→ **REQUIRED ACTION**
Every line below from the one containing "toile de fond" through the one containing "Müzik Aletleriyle Duygusal" is to be printed exactly, with the pictures omitted.

→ **MATERIAL TO PROCESS**
Start of Block

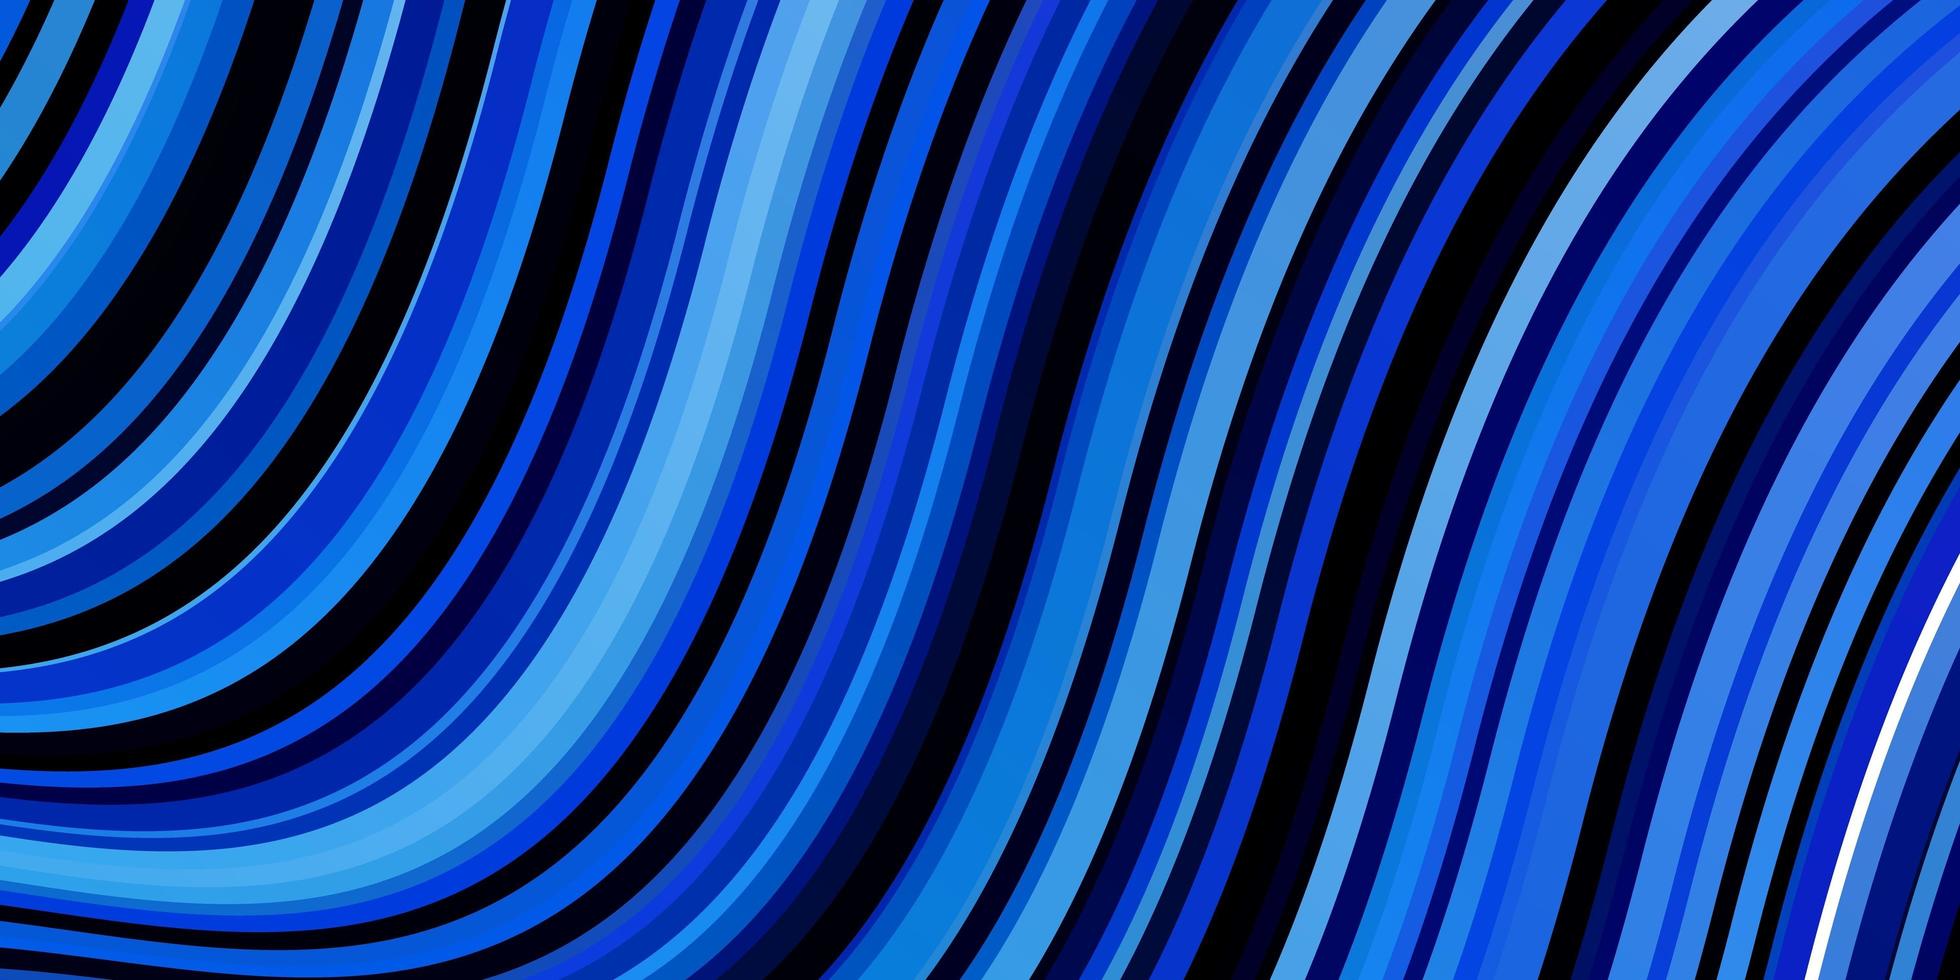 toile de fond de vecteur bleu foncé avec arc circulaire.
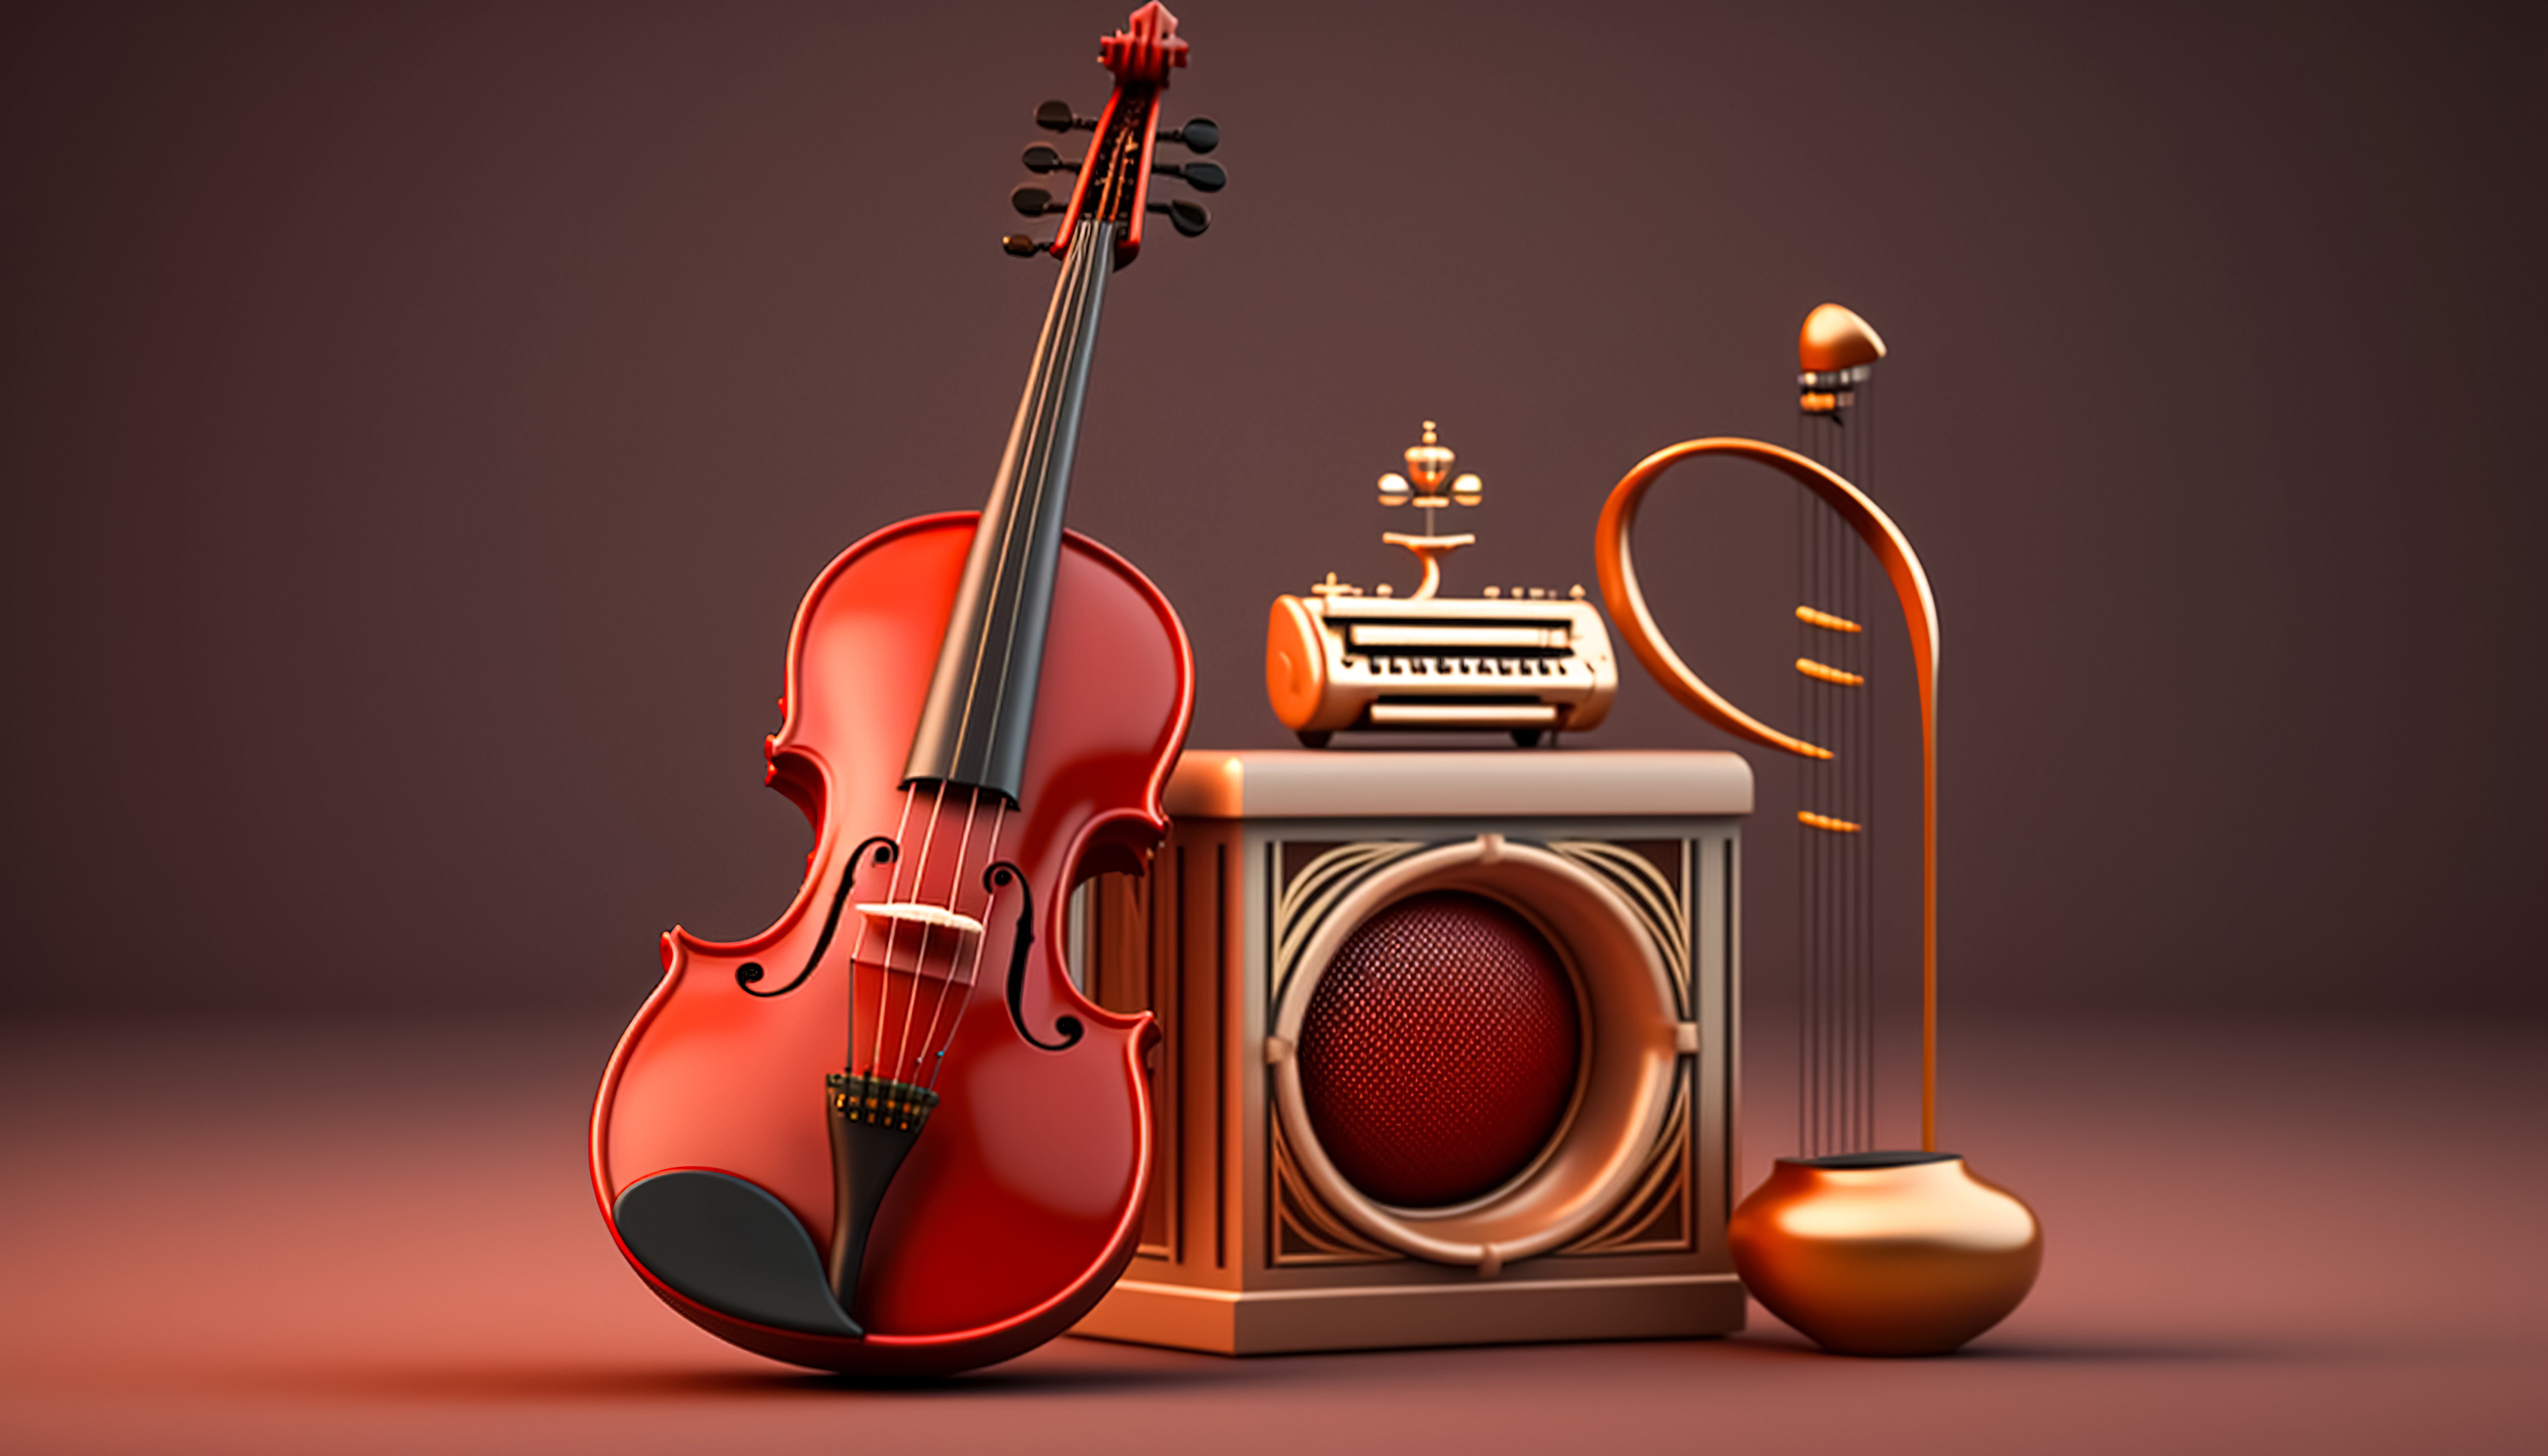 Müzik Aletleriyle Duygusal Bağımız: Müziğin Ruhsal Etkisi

End of Block
Start of Block

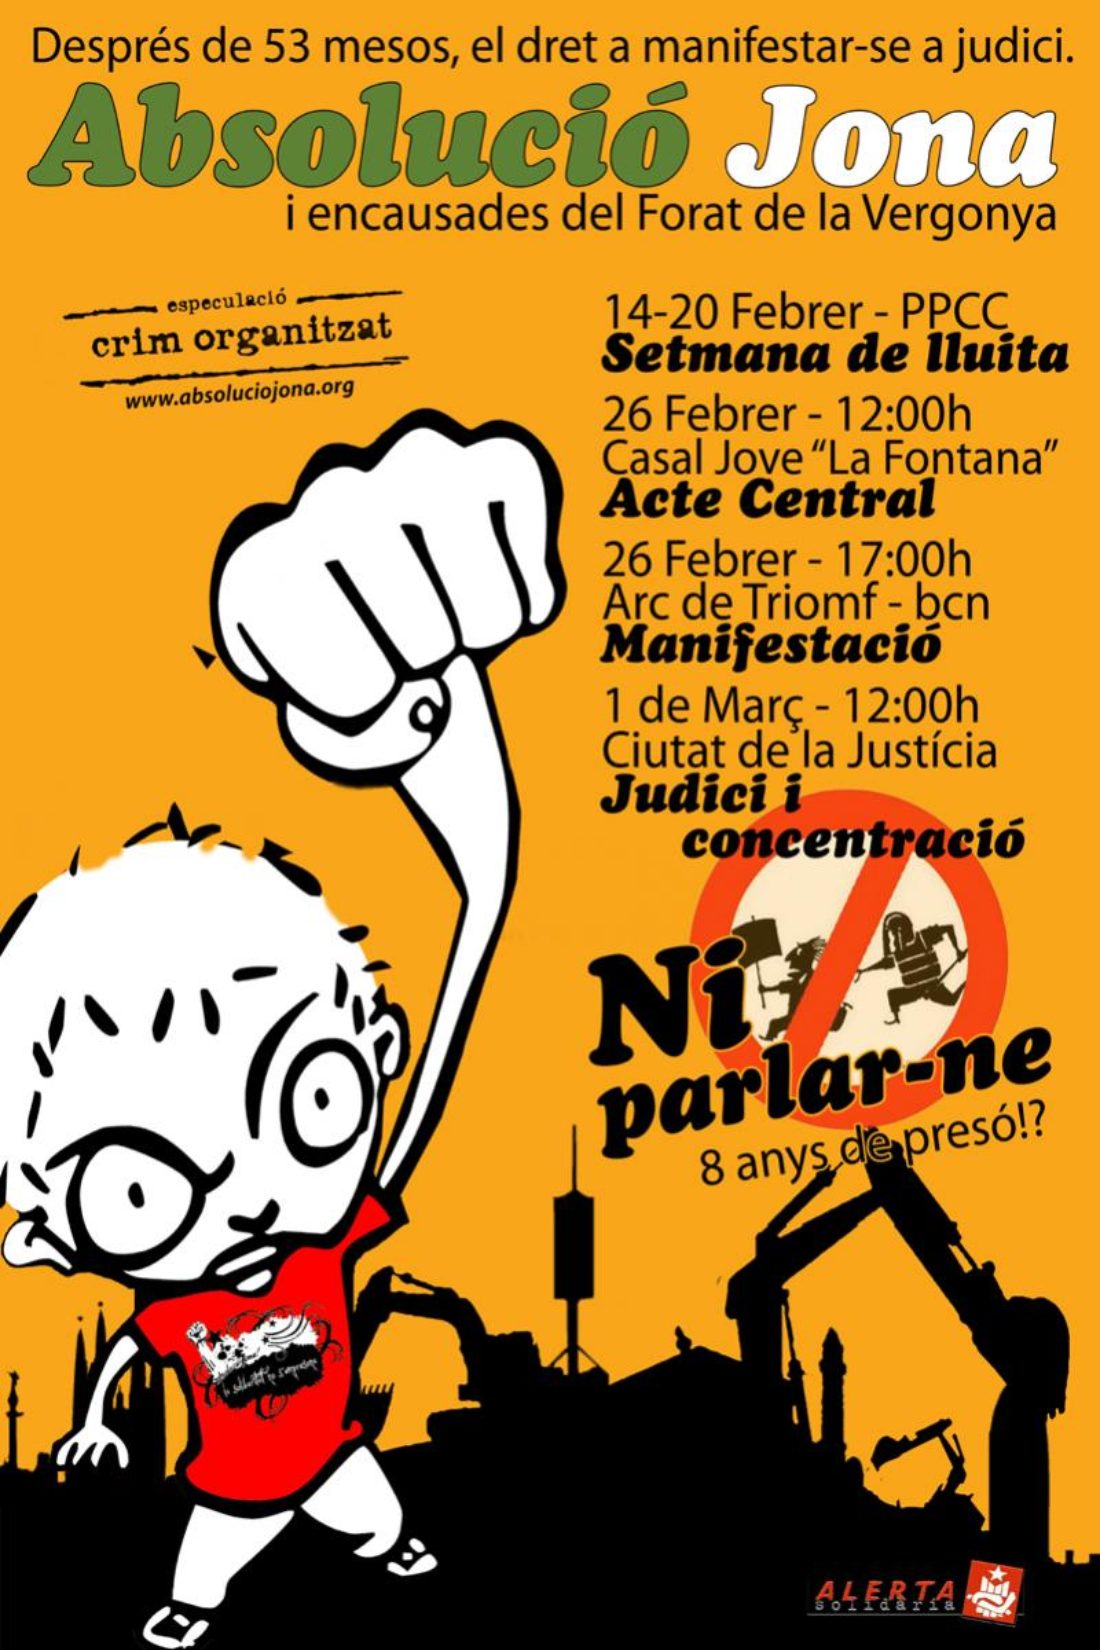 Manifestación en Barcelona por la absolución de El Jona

End of Block
Start of Block

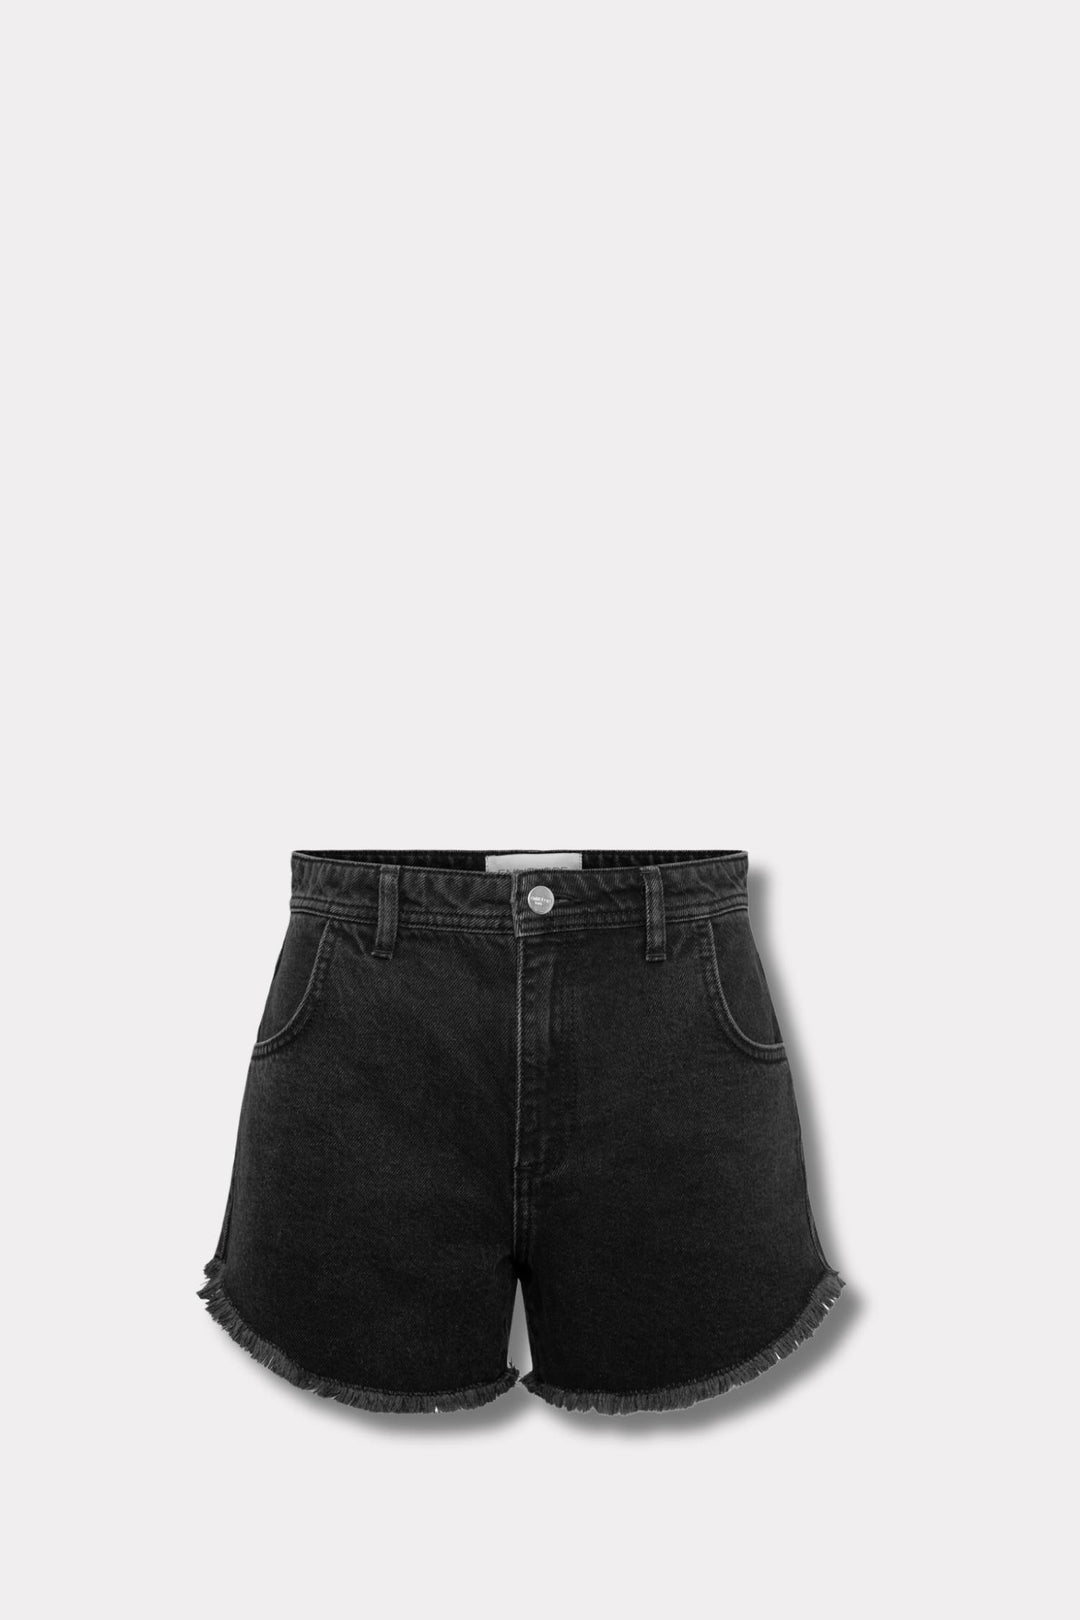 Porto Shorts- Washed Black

End of Block

→ **TASK RESPONSE**
 toile de fond de vecteur bleu foncé avec arc circulaire.
 Müzik Aletleriyle Duygusal Bağımız: Müziğin Ruhsal Etkisi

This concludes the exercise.